Ve Allah diyor ki: ‘’Bir menfaat elde etmek için seninle arkadaşlık edenin şerrinden sakın! Çünkü beklediği şey kesilince; özür kabul etmez.’’
Bazen birilerinin karşılaştığı kötü durum karşısında üzüntü duyar ve o kişilere yardımda bulunuruz, bu kimi zaman evini açmak, aşını paylaşmak, paranı bölüşmek, ticarete girmek, kimi zaman da iş vermek, çevrenize sokmak, elinizdeki imkanları paylaşmak, bulunduğunuz ortamda veya kalbinde yüceltmek gibi şeyler olabilir. Ne var ki, bunlar arasında bazı kalbi bozuklar olabilir, kendisine gösterilen bu yakın ilgiyi kötüye kullanıp başınızı derde bile sokabilir. Onu yücelttiğiniz sürece sizden iyisi yokken istemediği en ufak bir tepkinizde de sizden kötüsü de olmayacaktır. Hazret-i Ali, ‘’Kötü kimse, kendisine iyilik yapılınca katılaşır, iyilik edene bir zarar verebilir’’ buyuruyor. Yani birine iyilik ettiğinizde ondan kötülük gelirse o kişinin kötü biri olduğu anlaşılıyor. Tabiki kabahat iyilik yapmakta değil, mesele iyiliği kıymetini bilecek kişiye ve dozunda yapmaktır. Bundan sonrasında kötü olmak değil ama sınırları çizmek gereklidir. Dengeyi tutturmak önemlidir. Nanköre yapılacak iyilikten zarar gelecektir. İnsan merhamette orta yolu bulmalı, şefkati bile ölçülü ve dengeli beslemelidir. Karşındakine gereğinden fazla değer vermemeli, sabır ve anlayışın boyutunu abartmamalıdır. Yoksa merhameti kayıtsız şartsız suistimal edilecektir.

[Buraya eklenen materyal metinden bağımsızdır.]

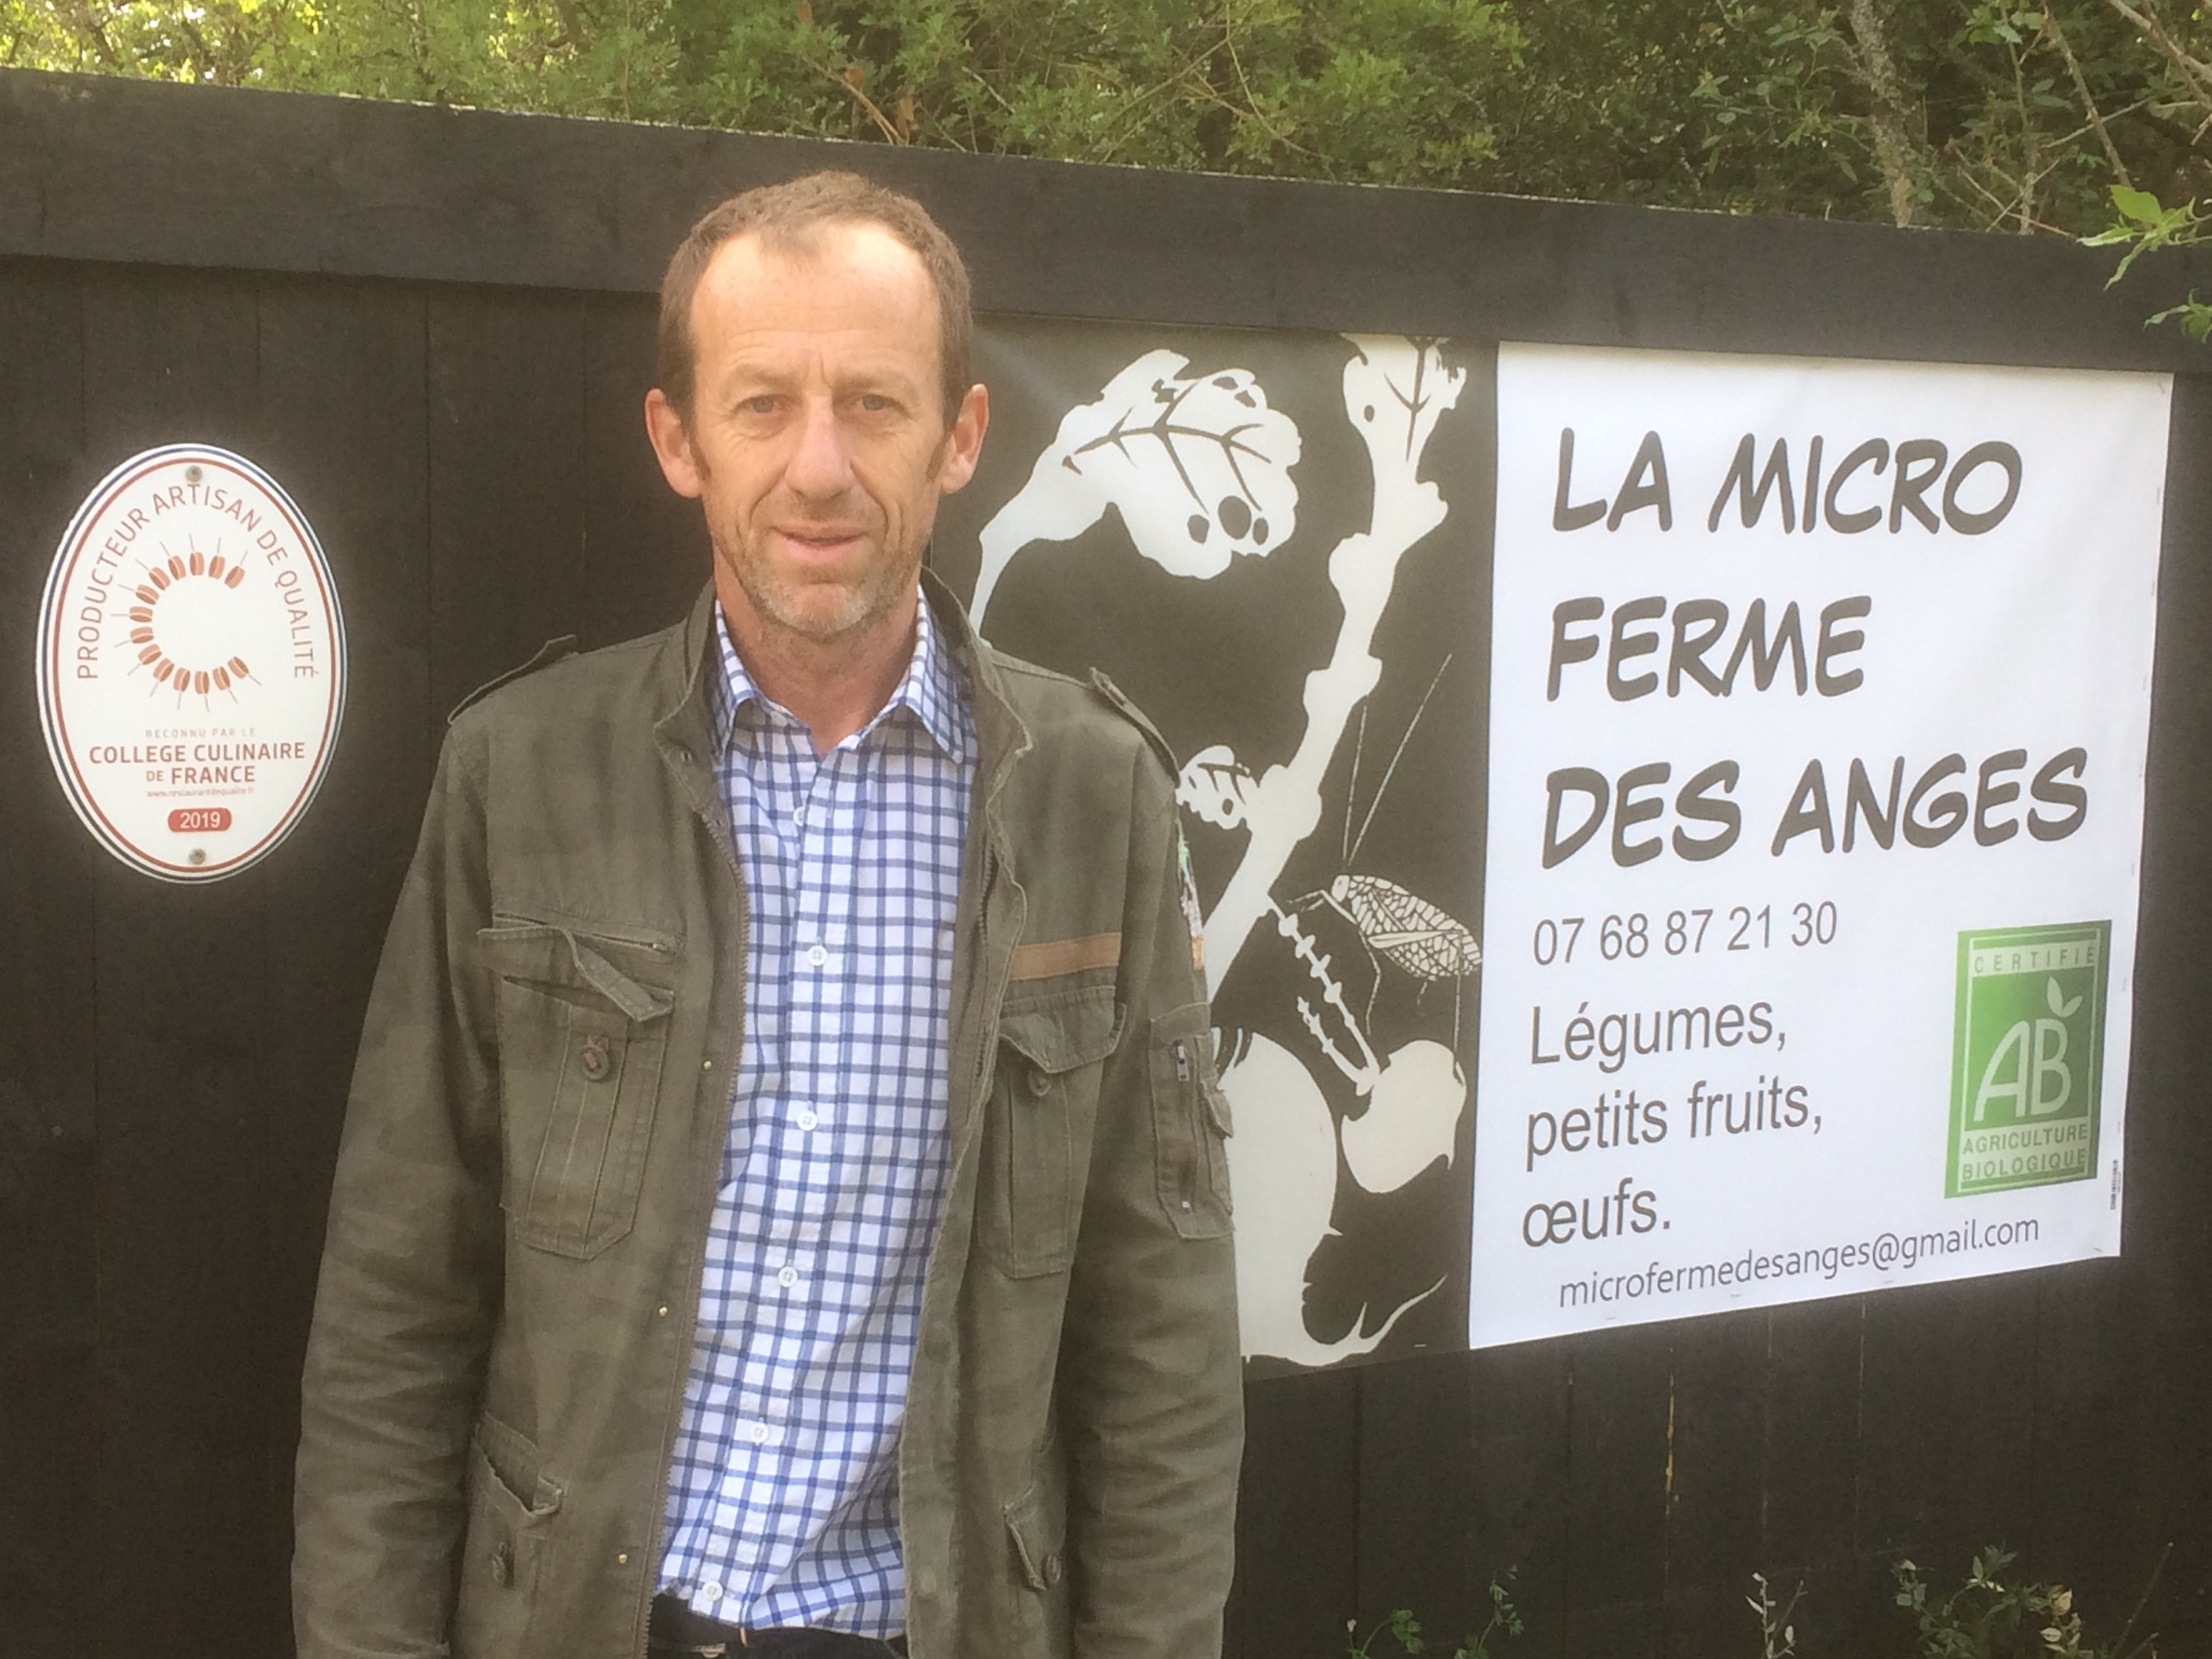 Adhérent MICRO FERME DES ANGES - photo #16697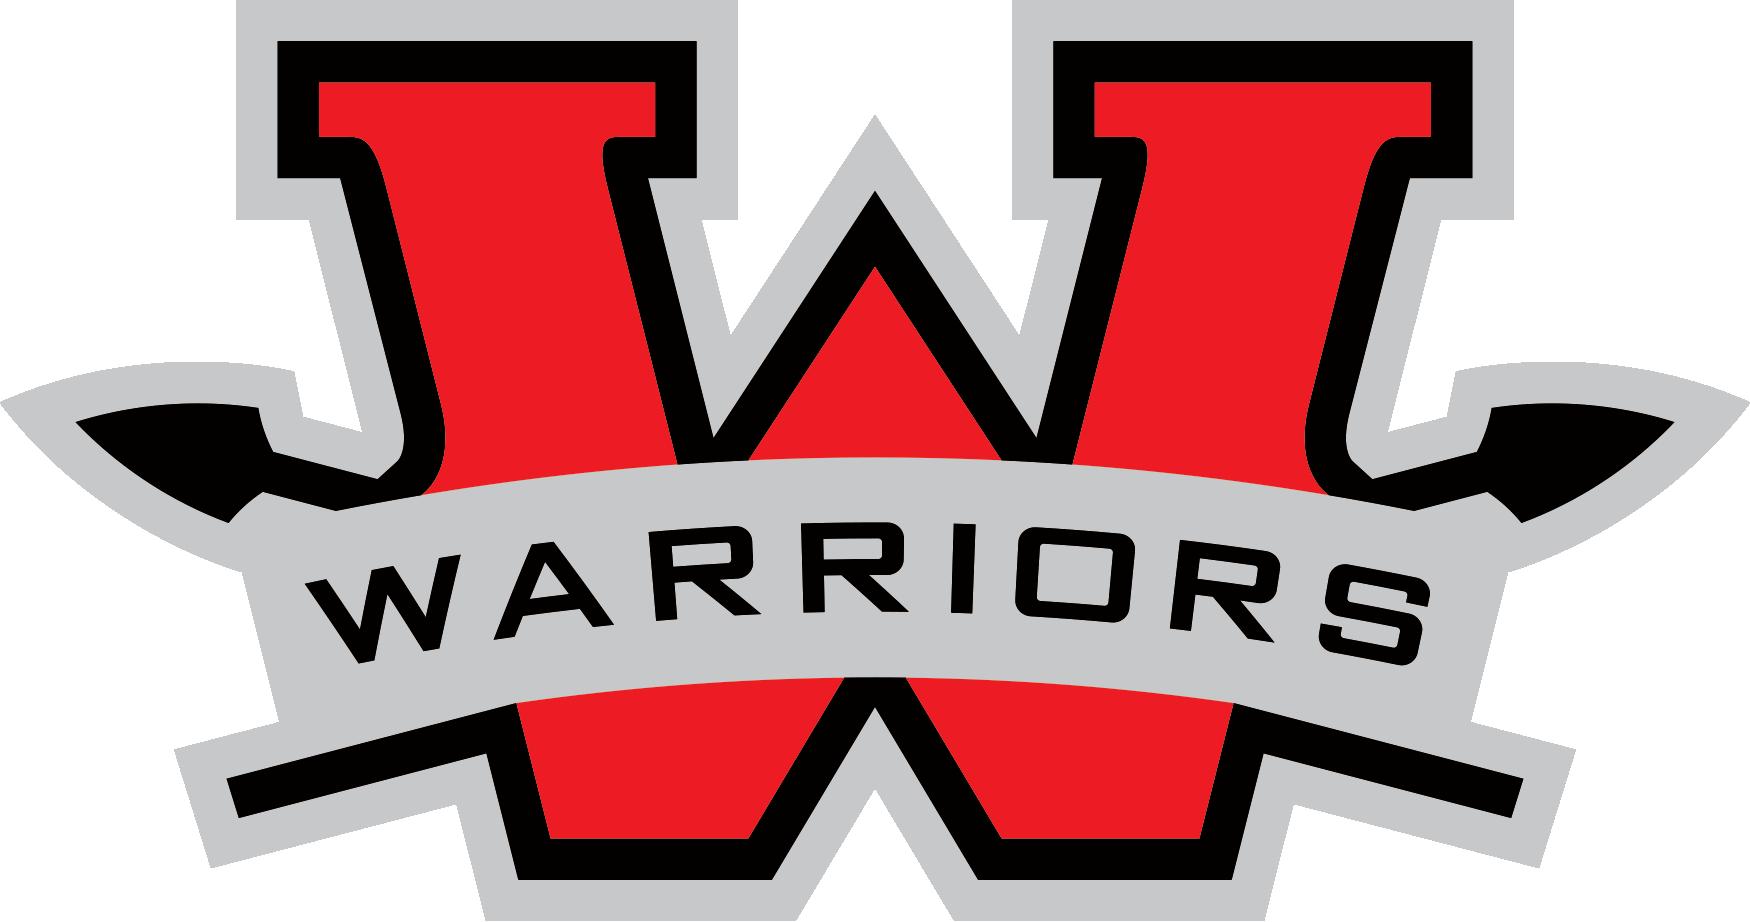 Warrior clipart font. Oxide design co westside

İster paranı, ister desteğini, ister sırrını, ister sevgini, istersen de güvenini verip kötü olacağına vermeden kötü olmak lazım bazen… İnsanlar ne kadar sahtelik takınırsa takınsınlar muhakkak bir yerde asıllarına dönerler. Zalime zulüm olmak için çok fazla sebebiniz olsa bile esas mesele çizginizi bozmandan yürüyüp yolunuza gidebilmektir. Yüce yaradan gerisini sizin için elbette halledecektir.
Atalarımız boşuna ‘’Besle kargayı oysun gözünü’’ dememişler…
Aman dikkat niyeti aşırı iyi ve herkesi kendi gibi bilen beybiler…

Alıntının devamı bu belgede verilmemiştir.